On one level, this is a silly question. Since I do not think there is a God, if I hated God, I would be hating a nonexistent entity. This would be akin to hating Santa Claus, the Easter Bunny, or the Tooth Fairy. However, I understand why religious people might think someone like me hates “their” God. I spend a lot of time writing things that are negative about God and Evangelical Christianity, so surely I must HATE God. Maybe some atheists do hate God, but I don’t. It is a non-issue for me.
As a writer, my focus is on religion — particularly Evangelical Christianity and the Independent Fundamentalist Baptist (IFB) church movement. Religion is the human attempt to answer what I call the “hard” questions of life. Where did we come from? What is the essence, the substance of life? Is there life after death? What gives life meaning and purpose? These are not easy to answer. I realize many atheists will say “no evidence”. . . end of discussion, but I think these kinds of questions are worthy of friendly, thoughtful, pointed discussion. The problem is many religious people can’t discuss these questions in a friendly manner. Thinking their God and belief system are equivalent to “truth,” Evangelicals condemn and marginalize anyone who thinks differently.
While I think evolution is the best answer to the “where did we come from” question, I am not at all satisfied with the answers science gives when dealing with the something rather than nothing question. Even Bill Nye, in his debate with creationist Ken Ham, admitted that, so far, science hasn’t answered the question of where the first particle came from.

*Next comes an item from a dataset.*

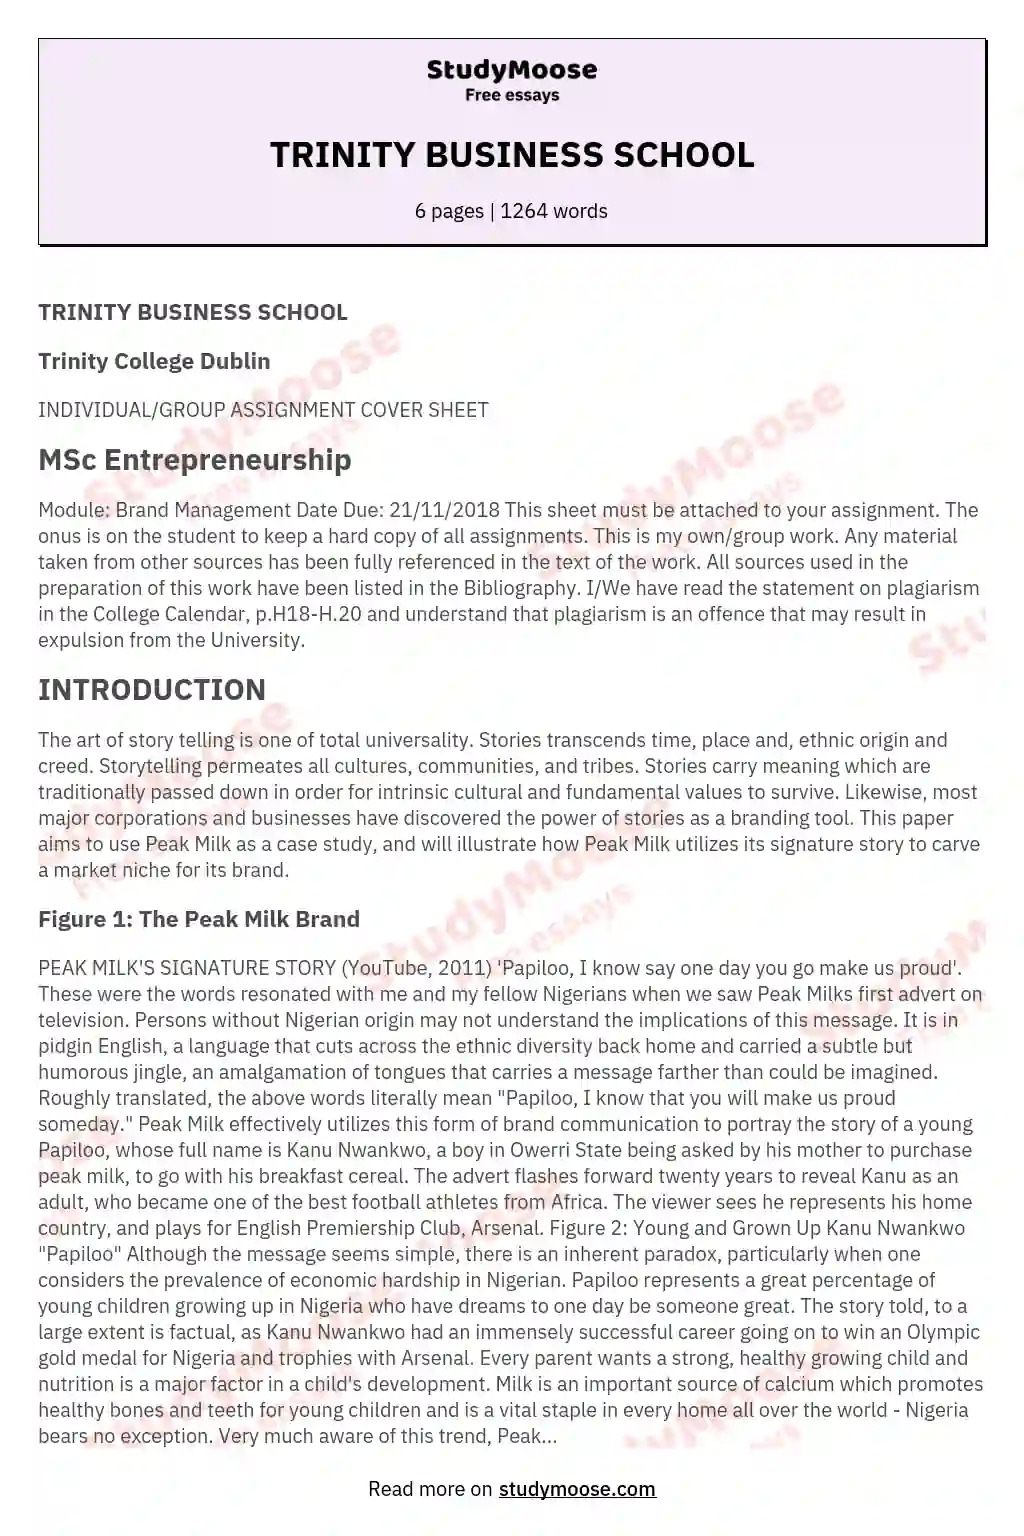 TRINITY BUSINESS SCHOOL essay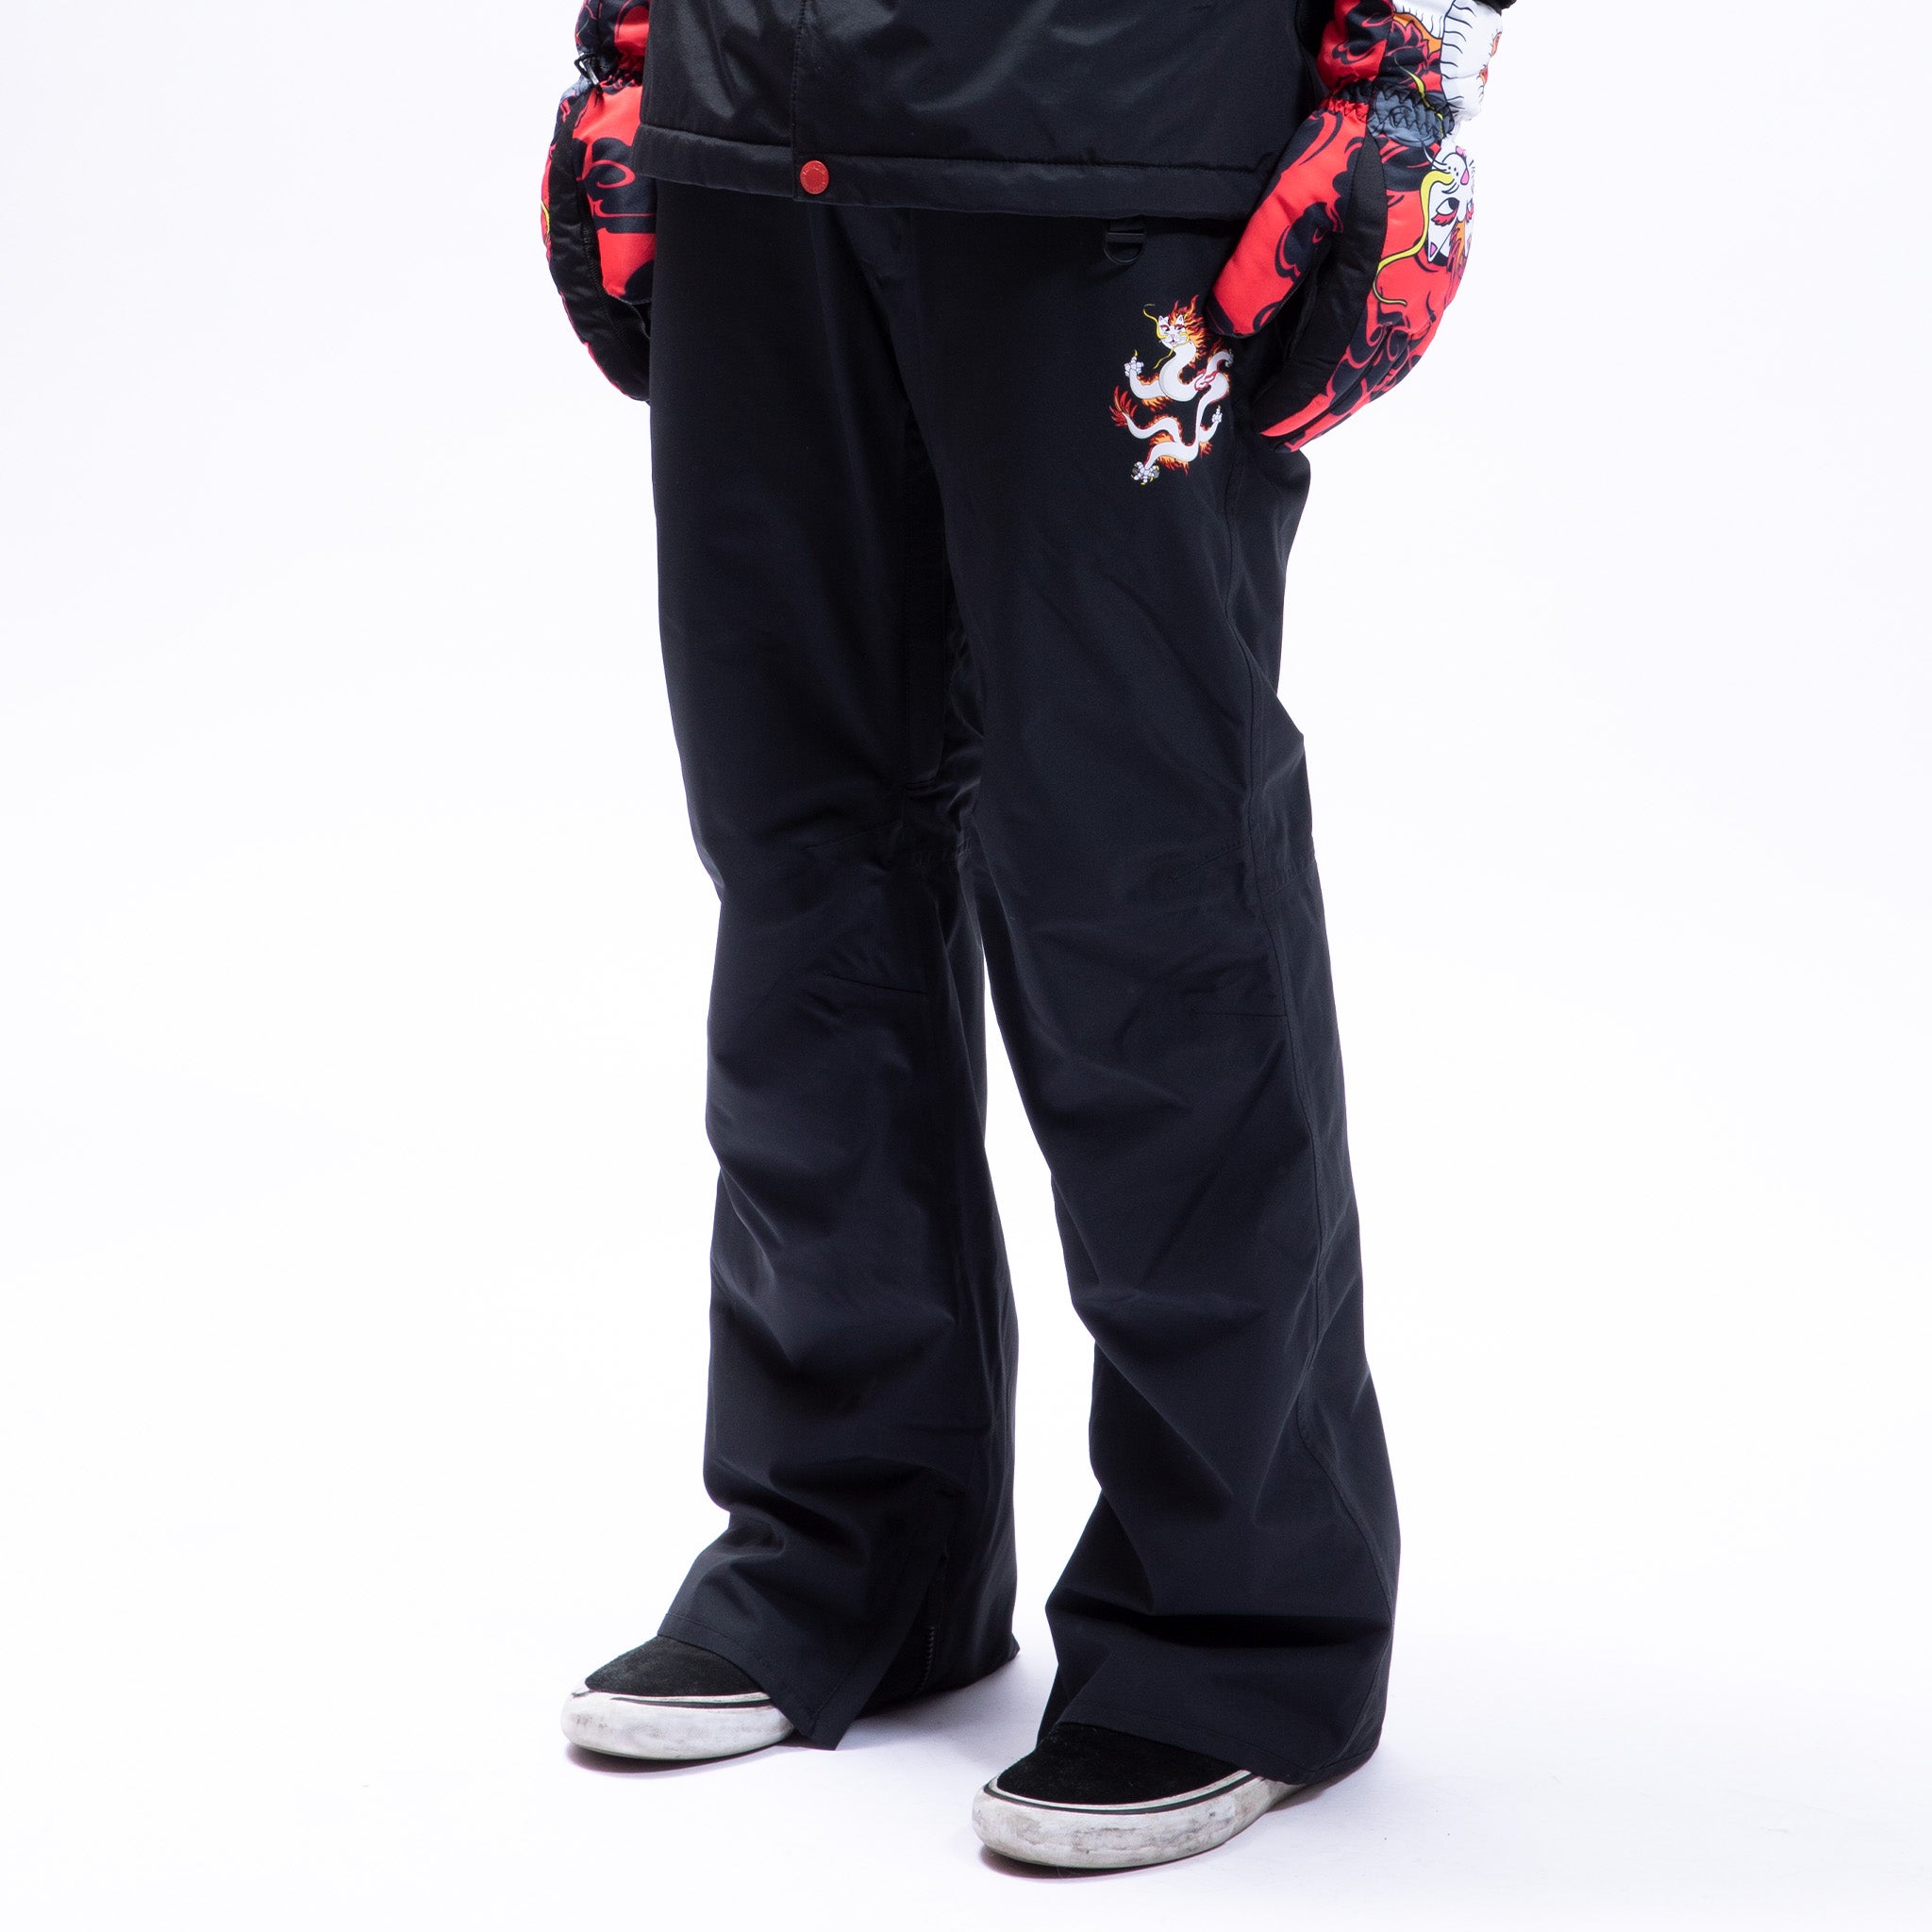 Dragonerm Snowboard Pants (Black)

Of course, Ham, a man with cement in the place where his brain once sat, jumped up and down and said, TEACHER, TEACHER, I KNOW THE ANSWER! IT’S FOUND IN THE B-I-B-L-E. Ham thinks the question is answered, whereas Nye is willing to say, We don’t know, but we continue to try and find the answer to this important question.
I am an atheist because the evidence tells me, at this present moment, that there is no God. As a man who spent fifty years in the Christian church and twenty-five years in the pastorate, I am well versed in the teachings of the Bible and the one, true, and holy Evangelical faith. There’s no possible argument an Evangelical could make that I have not heard. It is not evidence that I am lacking. I have weighed all the available evidence in the balance and found it wanting. I am convinced, based on the available evidence, that the Evangelical God is a work of fiction, and that Christianity is an admixture of myths, legends, oral traditions, and religious teachings. Maybe someday a deity of some sort will reveal itself to us. If so, I will consider this new evidence just like I have the evidence for the plethora of human religions. I doubt this will happen, so I am not going to spend any time worrying about it. In the meantime, I remain agnostic on the God question and live my day-to-day life as an atheist. Reason, skepticism, humanism, family, friends, writing, good food and music, the Cincinnati Reds, and the Cincinnati Bengals are enough for me — no God needed.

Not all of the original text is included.